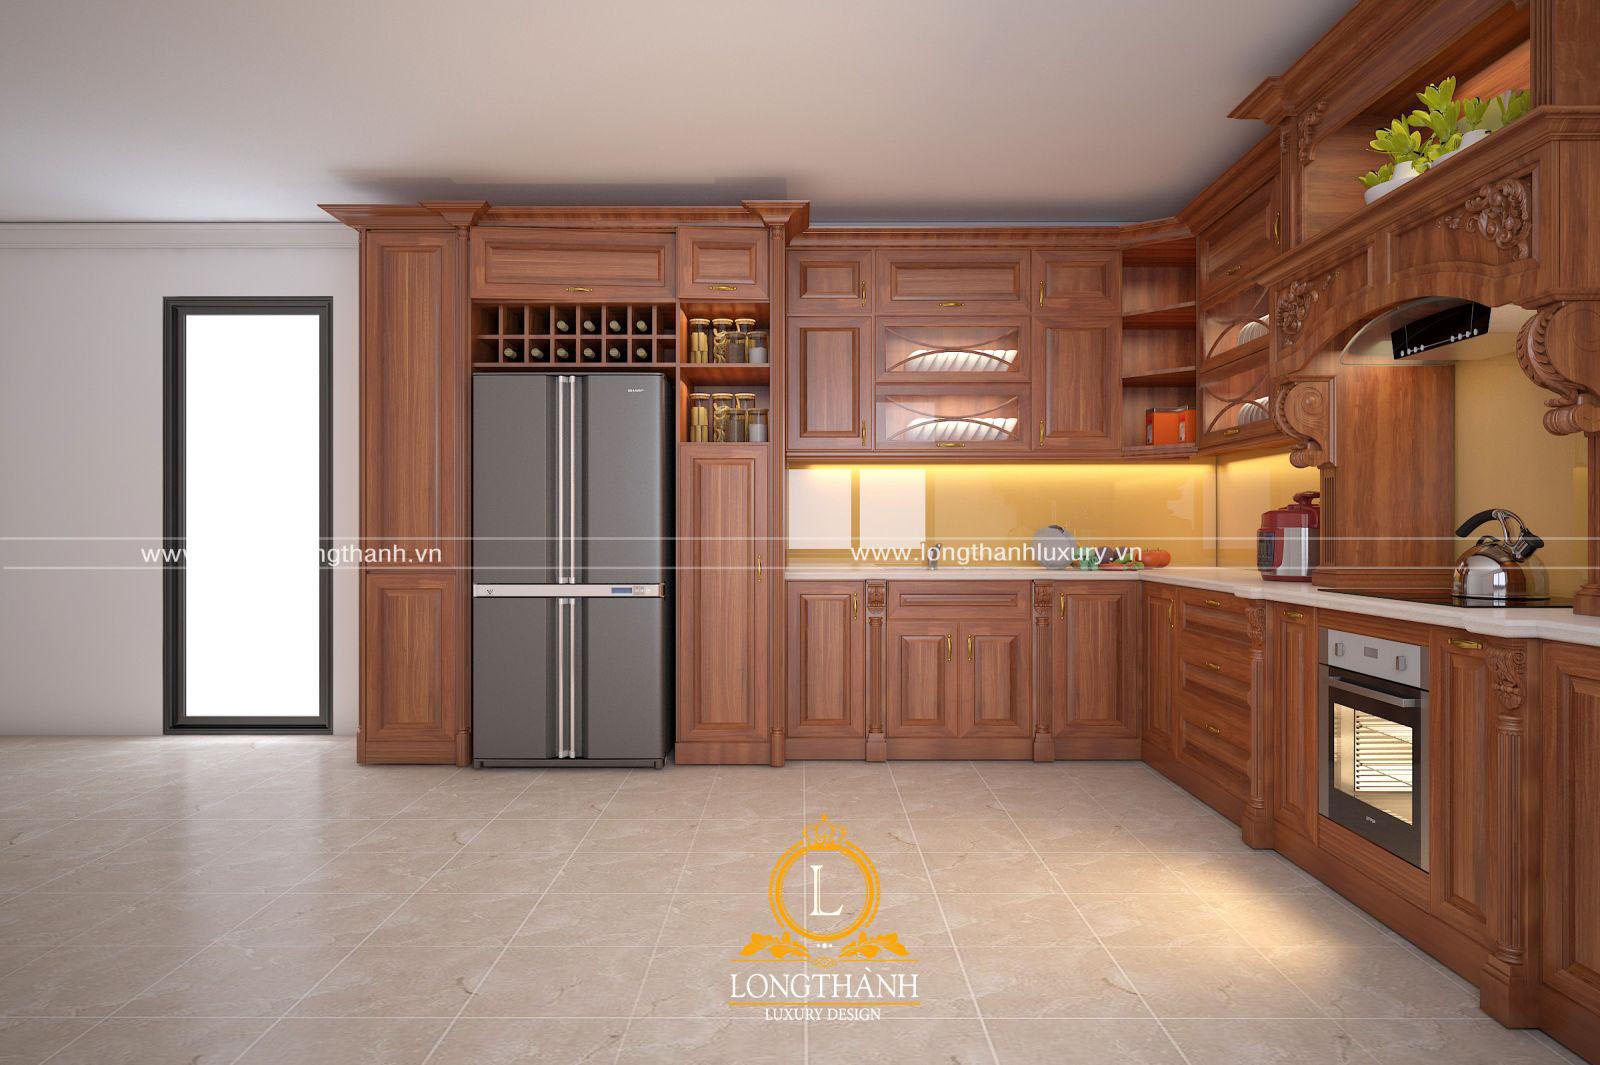 Mẫu tủ bếp gỗ hương tân cổ điển sang trọng
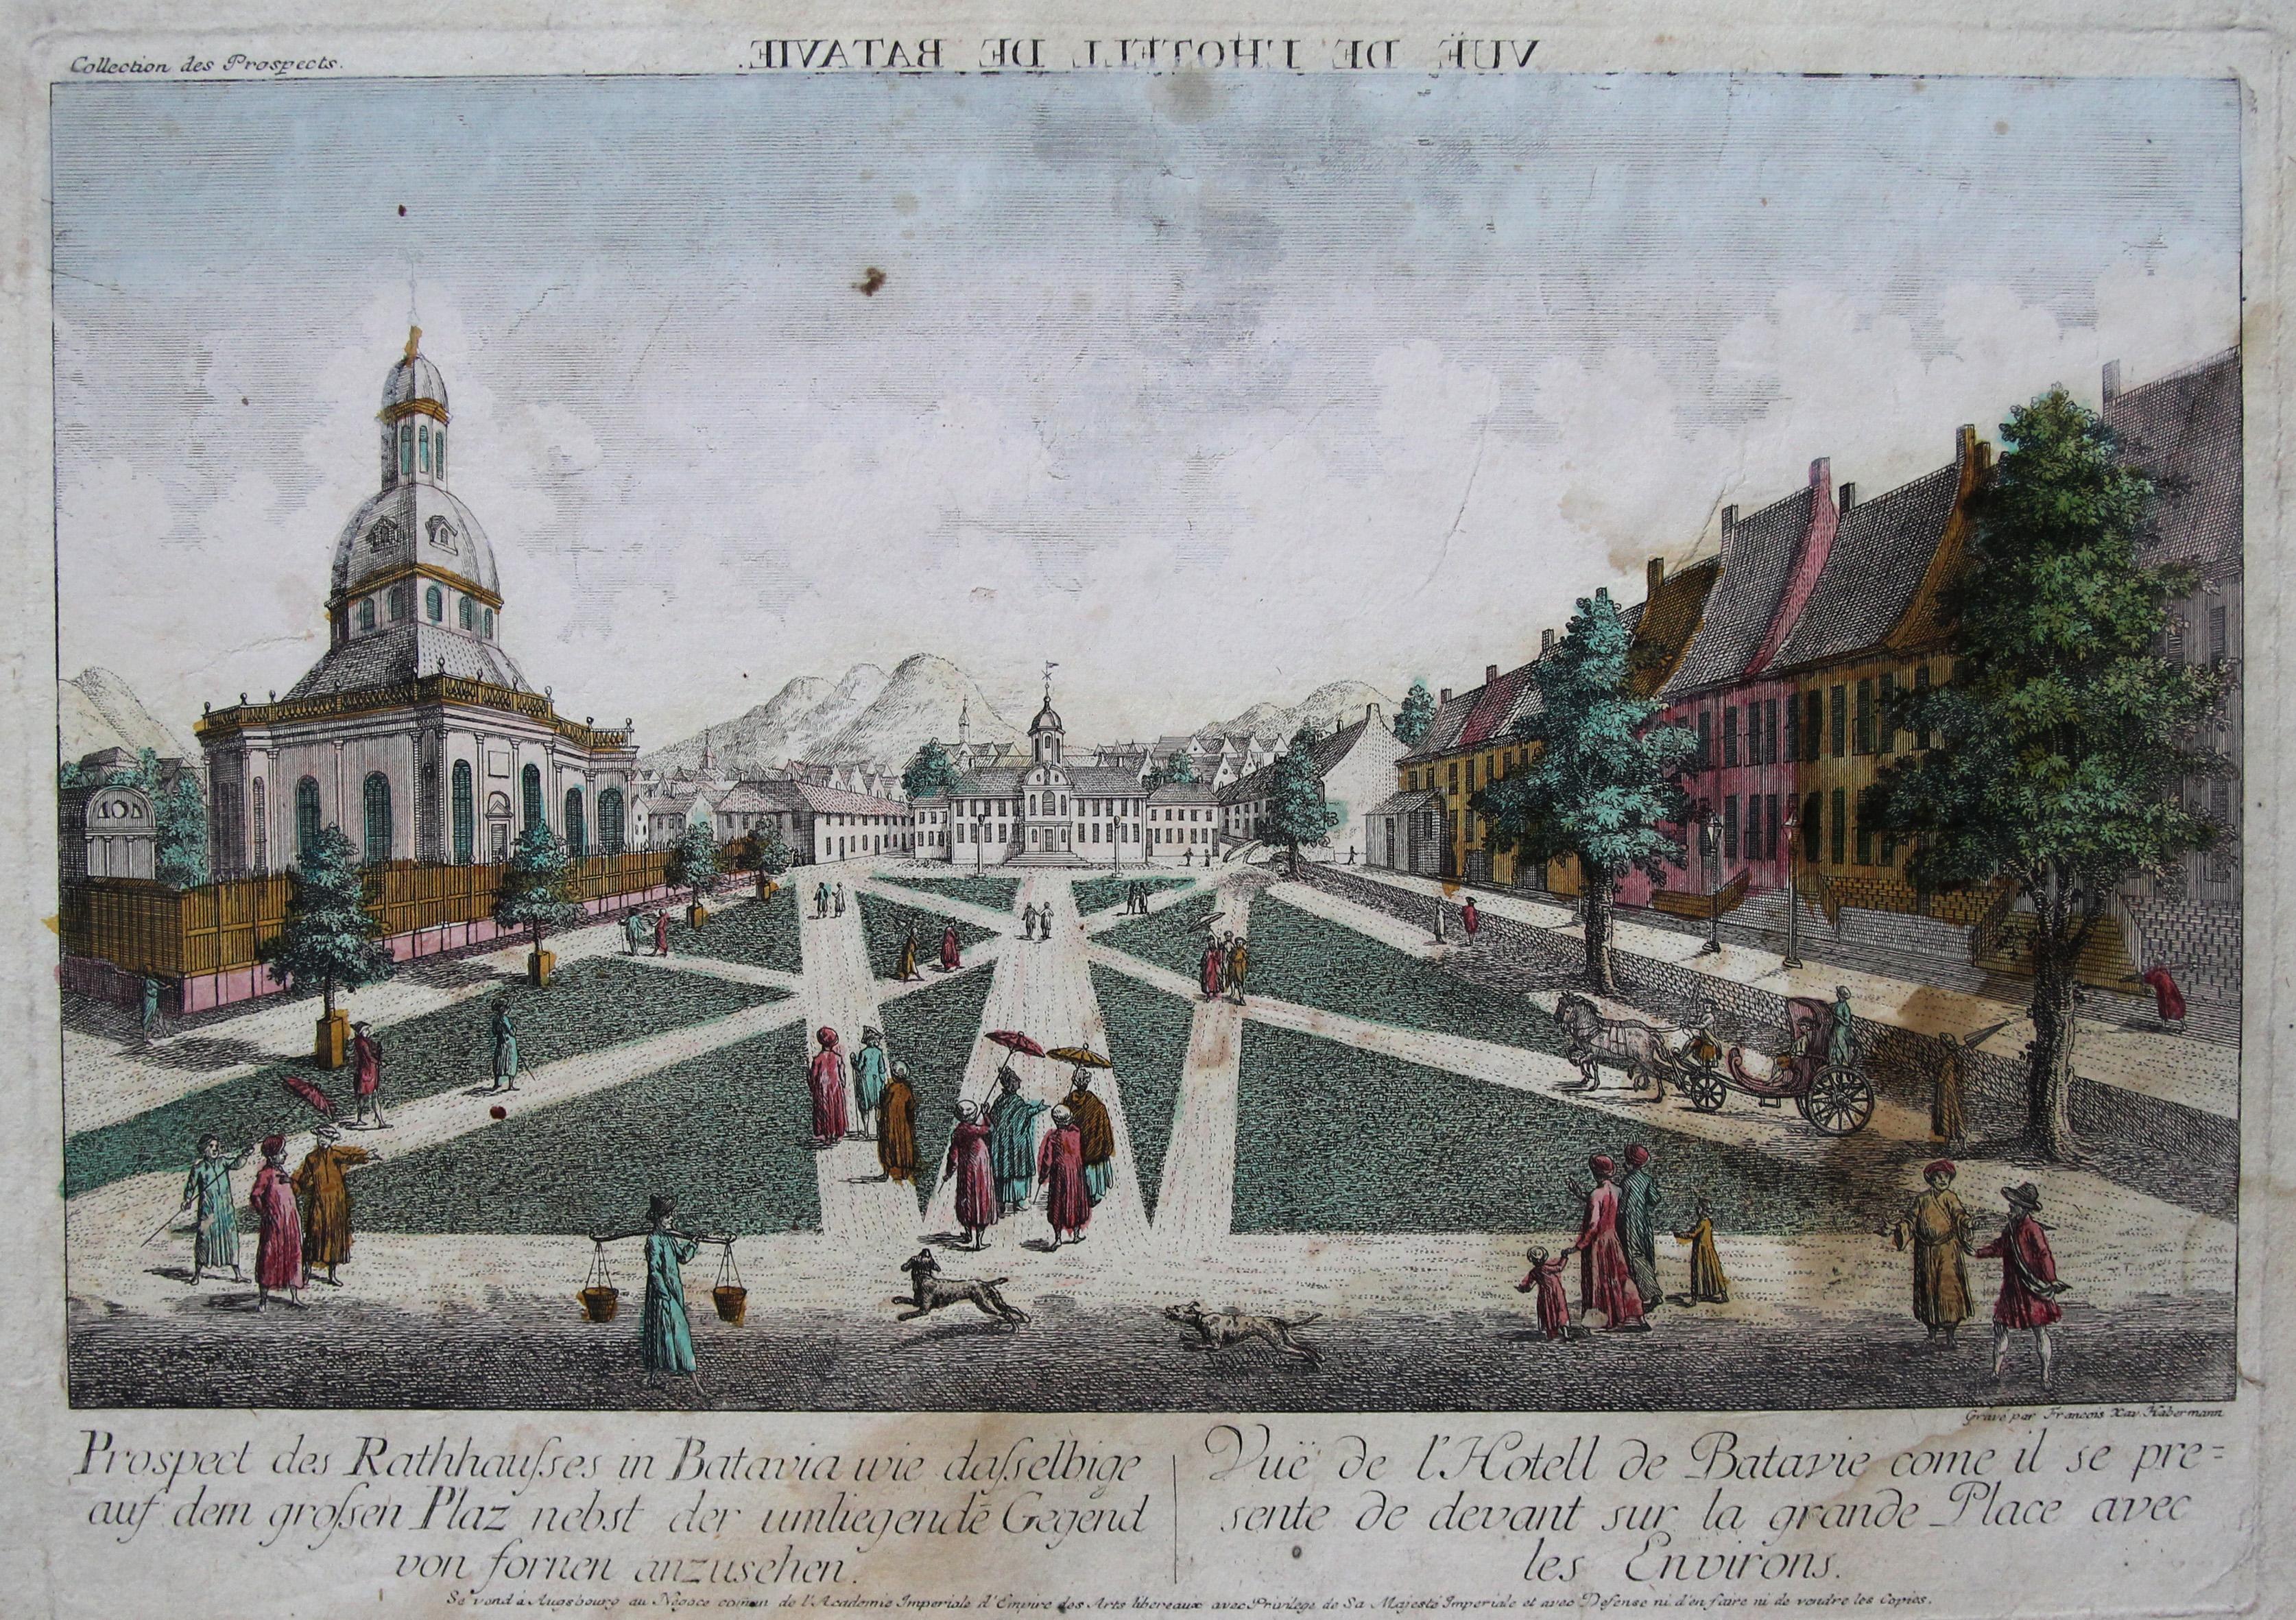 """TA., Rathaus, """"Prospect des Rathhausses in Batavia: Indonesien ( Indonesia"""
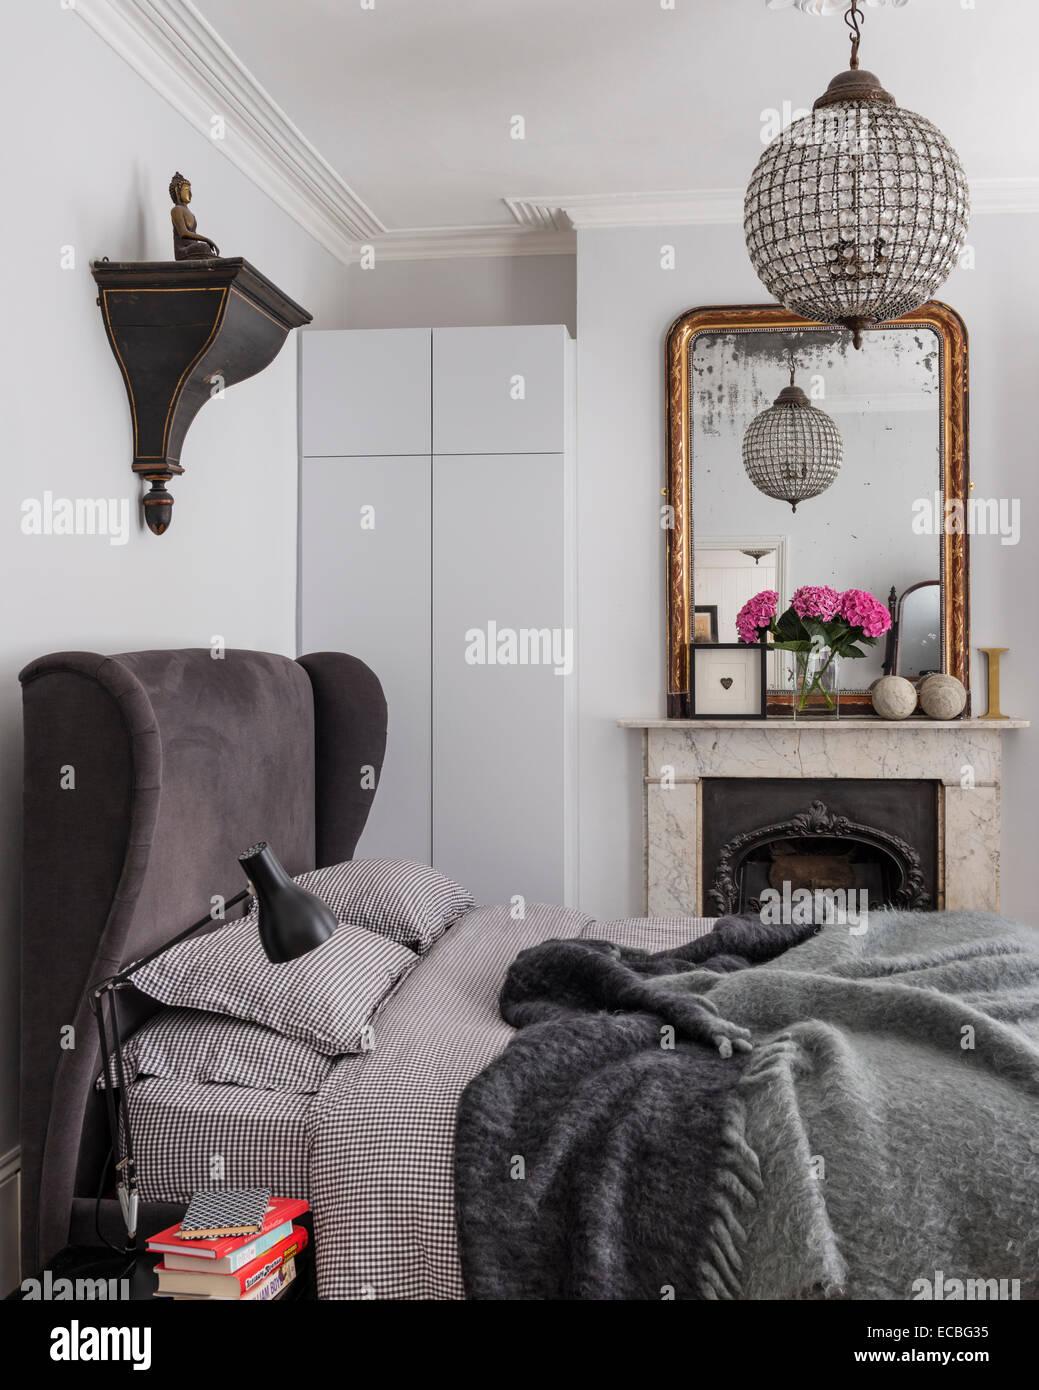 Cama tapizados de lujo de sofa.com en dormitorio con chimenea original, almacenamiento incorporado y culpa espejo Imagen De Stock
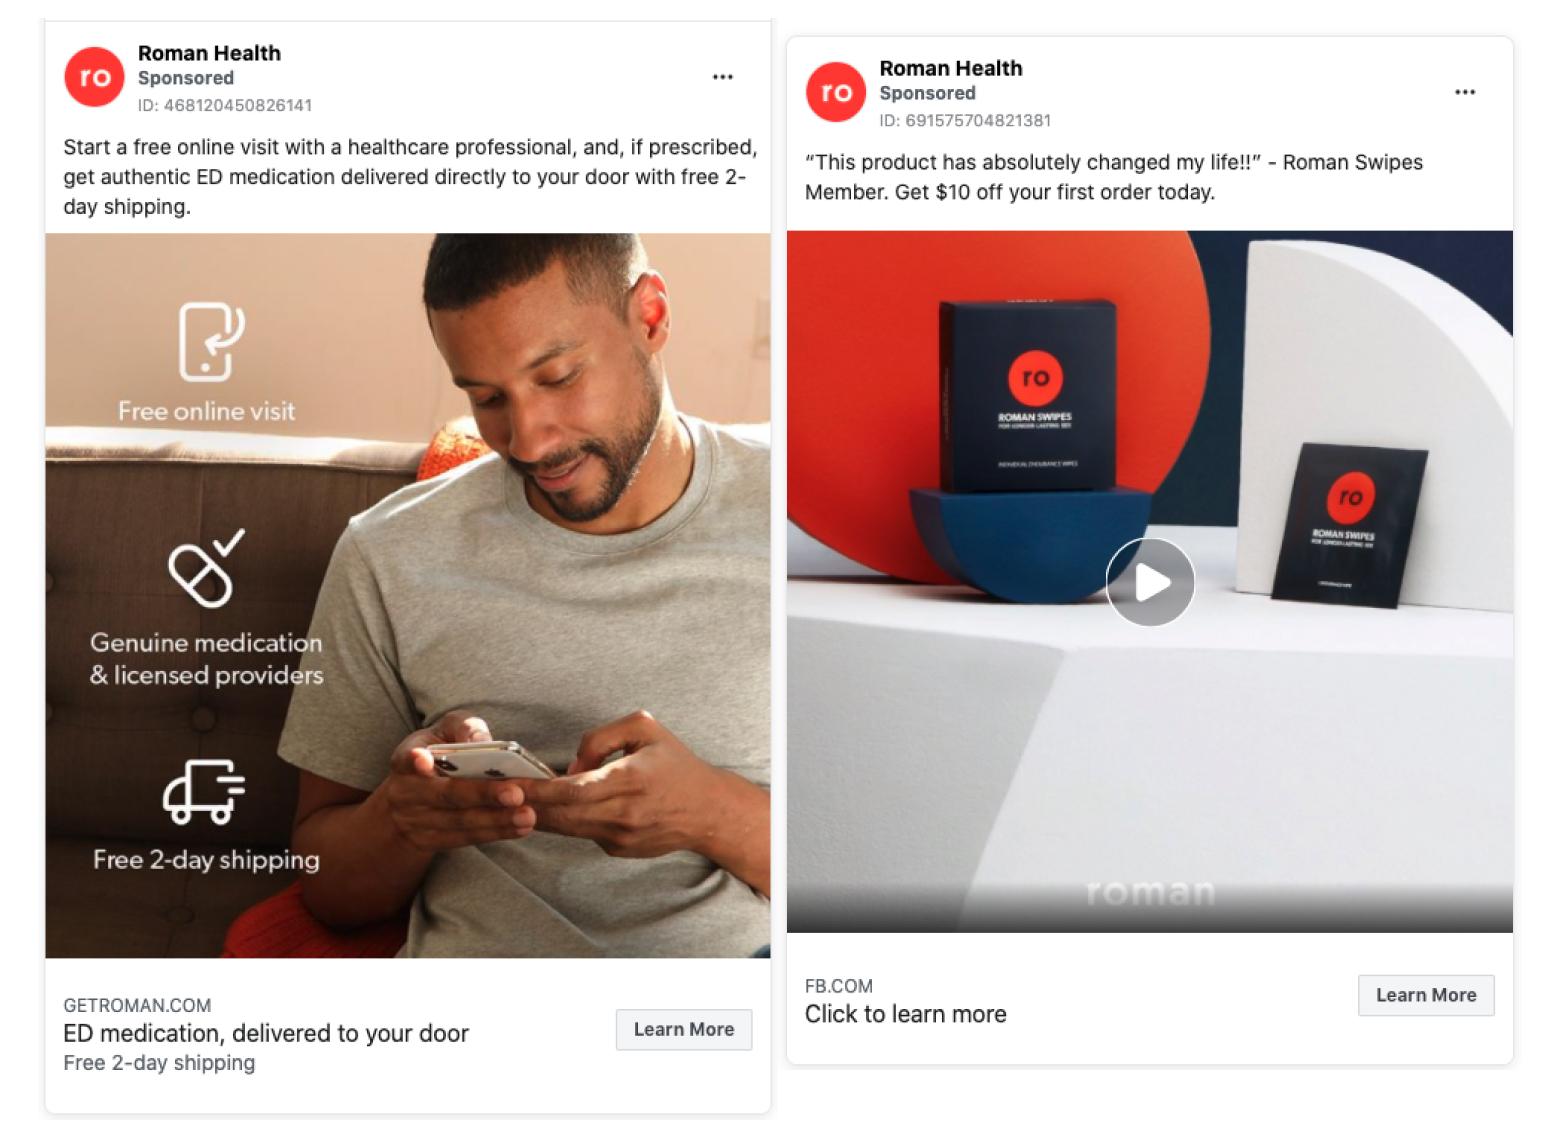 Roman's social media facebook ads

____

HOW TO COMPLETE THIS TASK: Pictures stay out of the answer; the rest of the listing above is returned exactly.

RESULT FOR THIS TASK:
 Mẫu tủ bếp gỗ hương tân cổ điển sang trọng
 """TA., Rathaus, """"Prospect des Rathhausses in Batavia: Indonesien ( Indonesia"""
 Cama tapizados de lujo de sofa.com en dormitorio con chimenea original, almacenamiento incorporado y culpa espejo Imagen De Stock
 Roman's social media facebook ads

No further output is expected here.